Images should be omitted while the rest of the data is duplicated exactly.

#### [GIVEN DATA]
····················

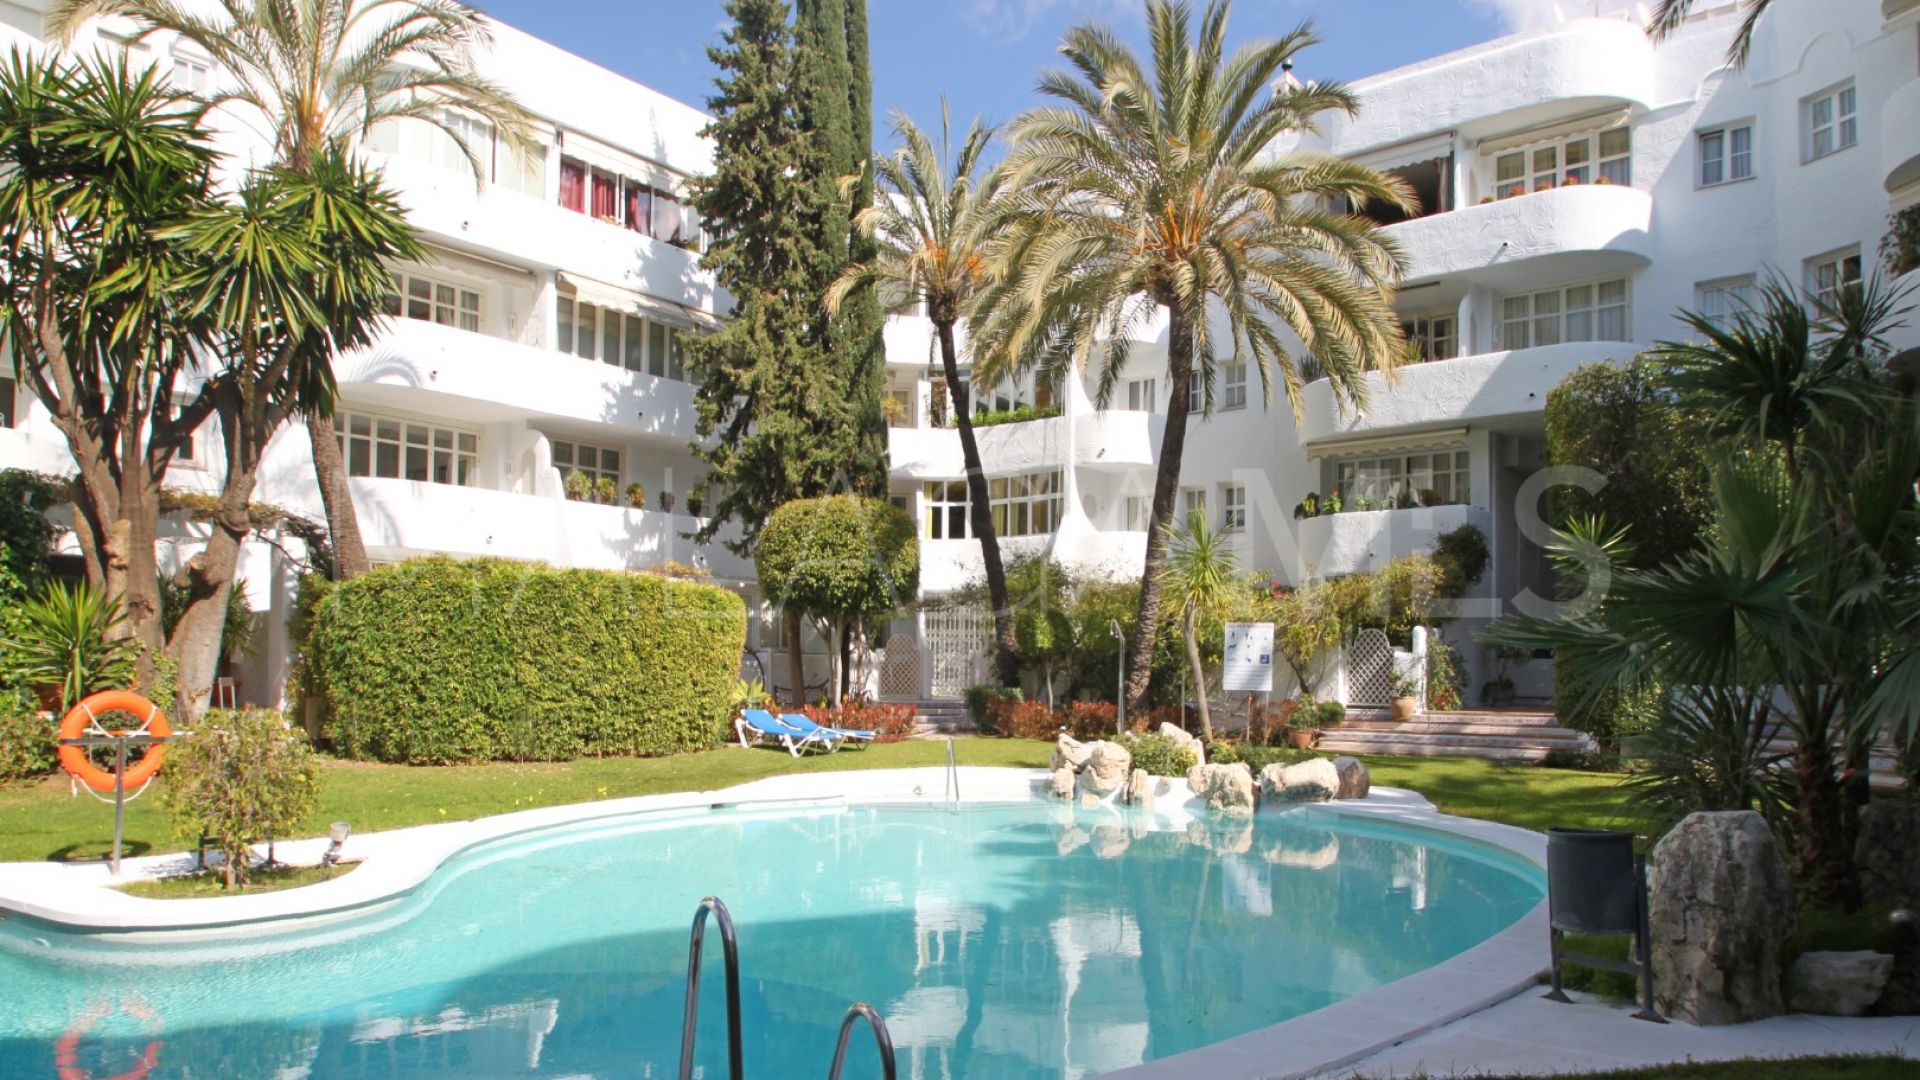 Marbella Real 3 bedrooms ground floor duplex for sale
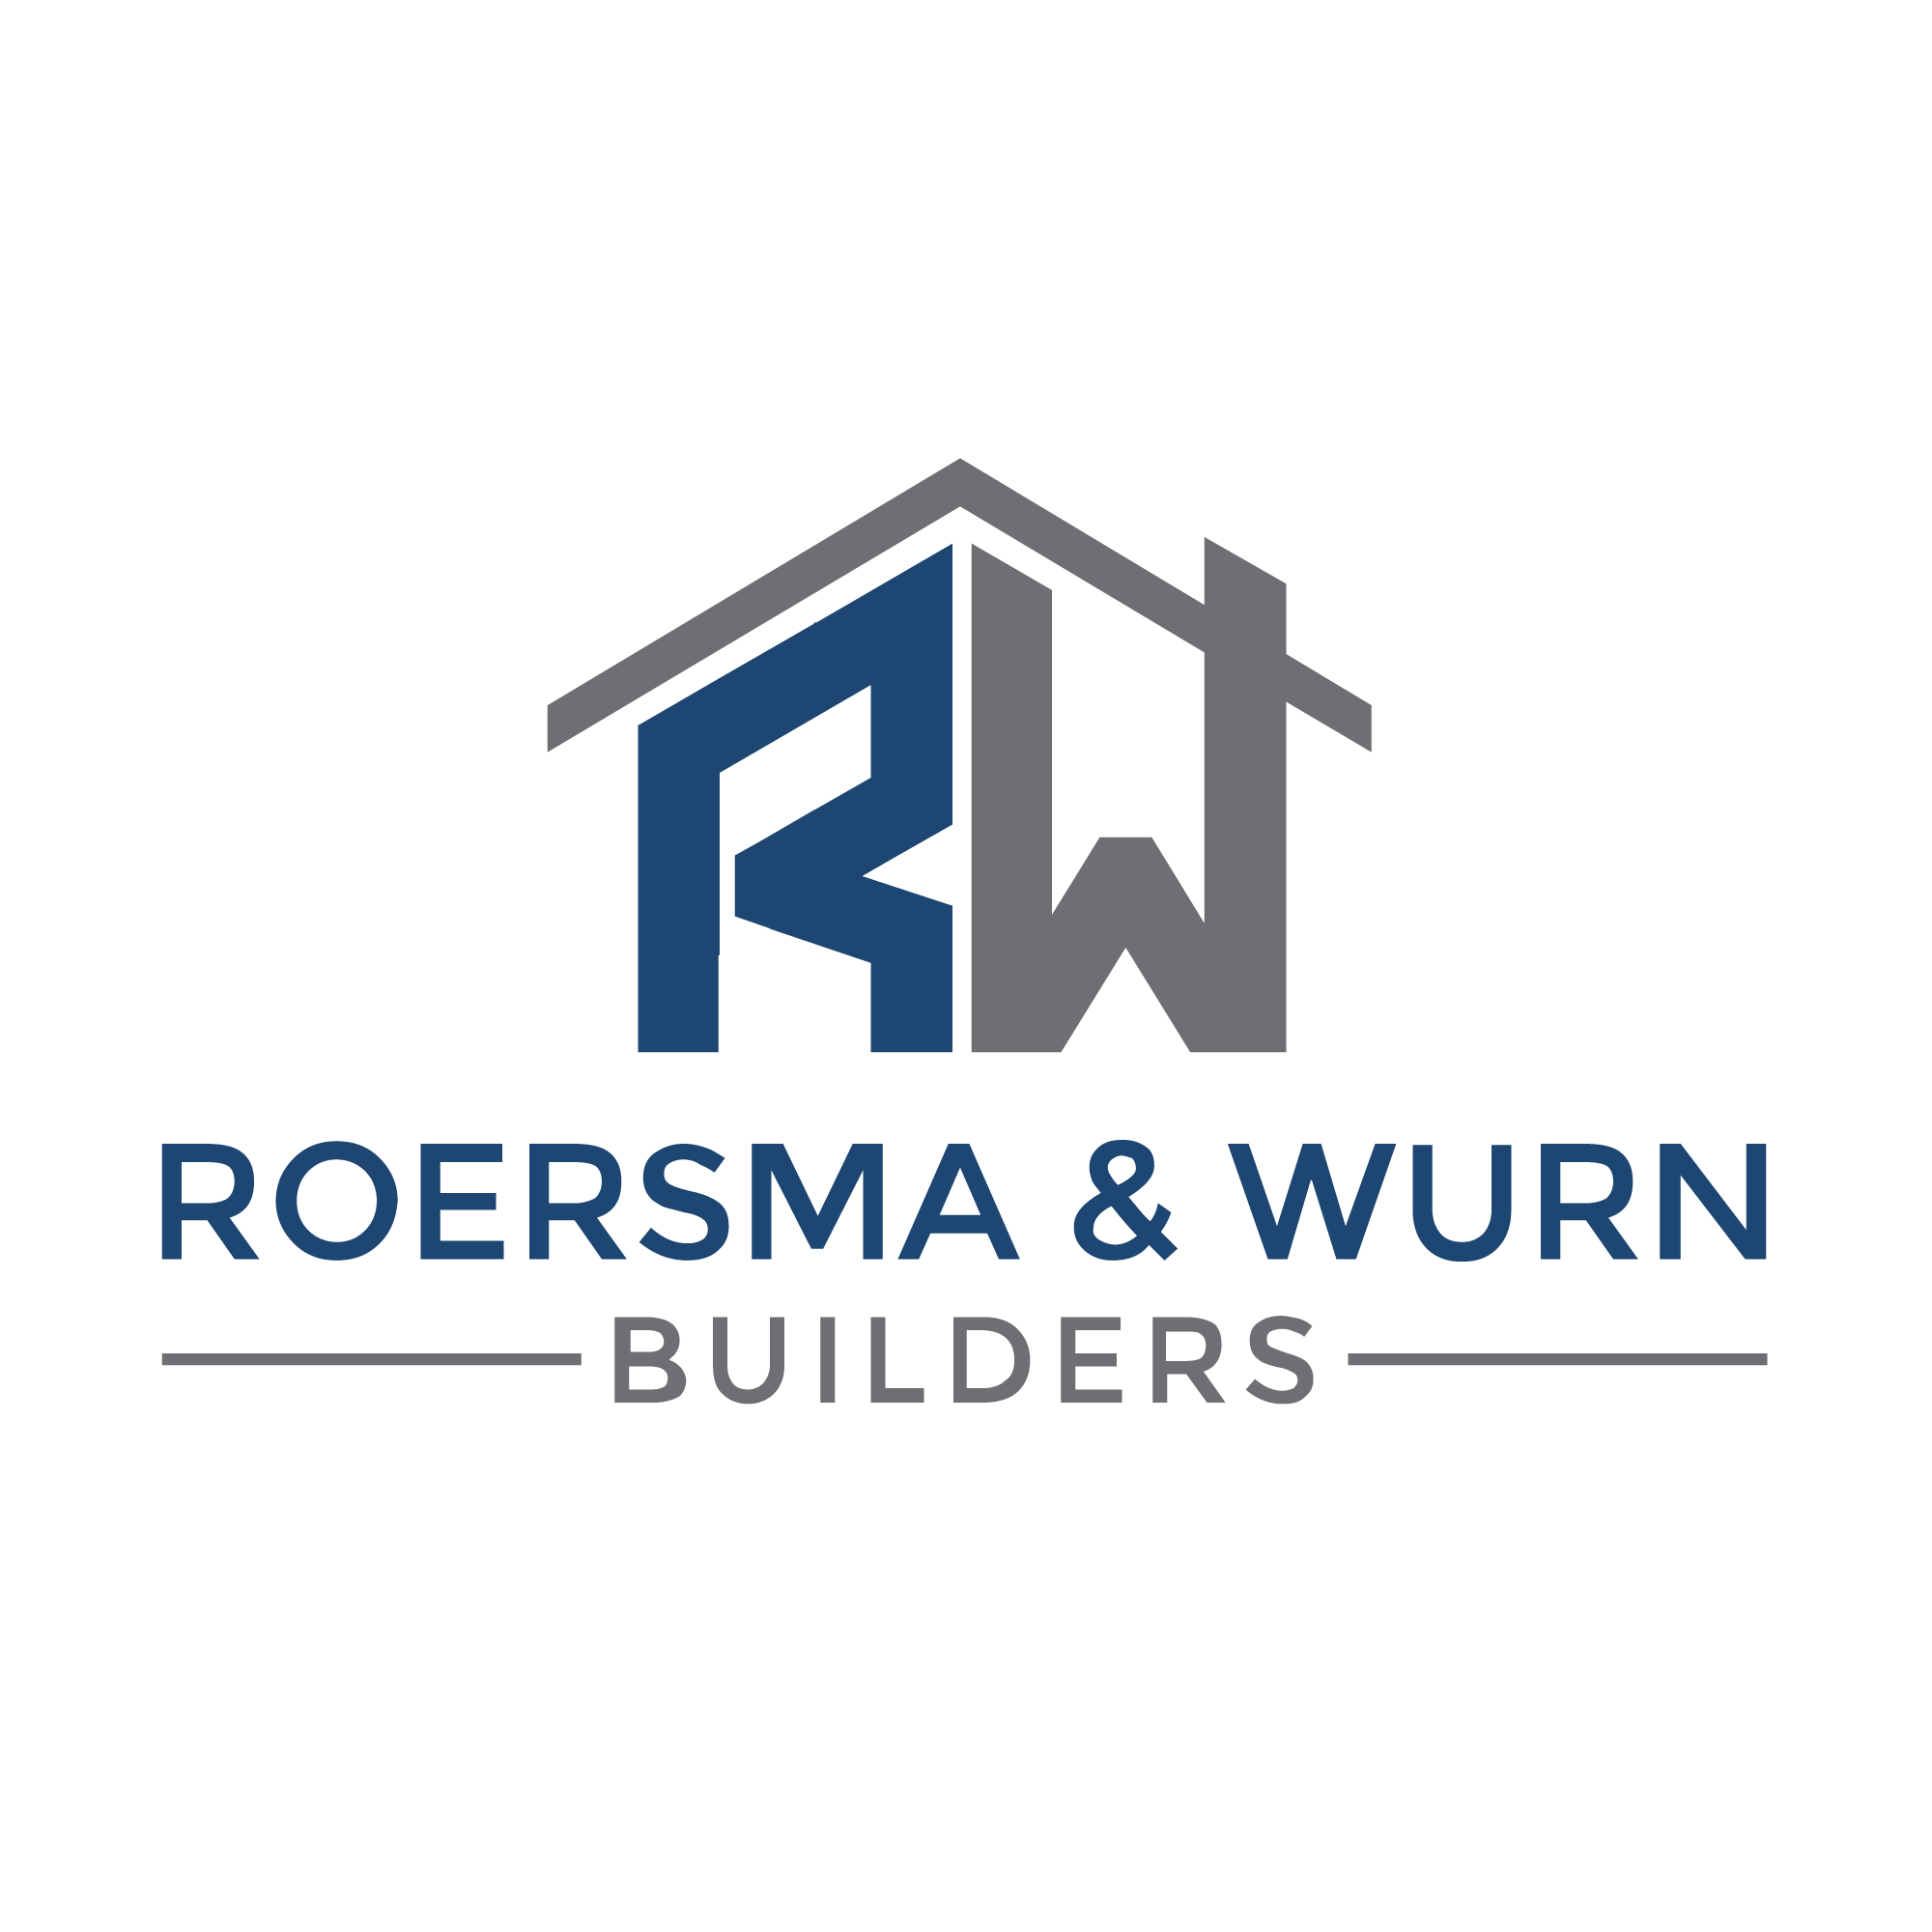 Mark Wurn, Owner, Roersma & Wurn Builders Inc.
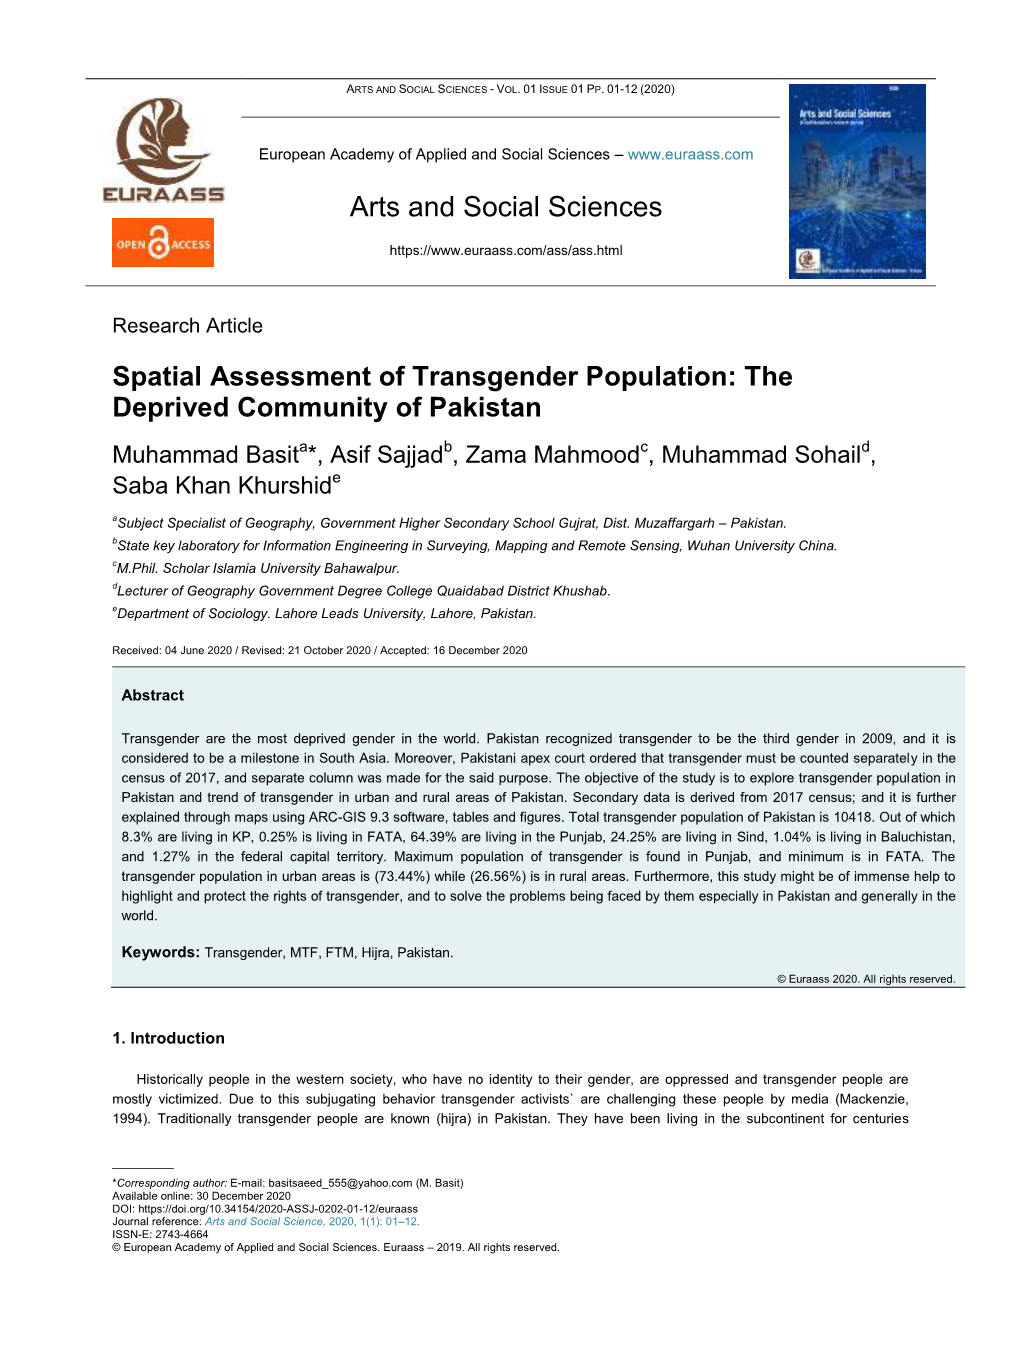 Spatial Assessment of Transgender Population

····················

#### [ANSWER SPACE]
 Marbella Real 3 bedrooms ground floor duplex for sale
 Mark Wurn, Owner, Roersma & Wurn Builders Inc.
 Spatial Assessment of Transgender Population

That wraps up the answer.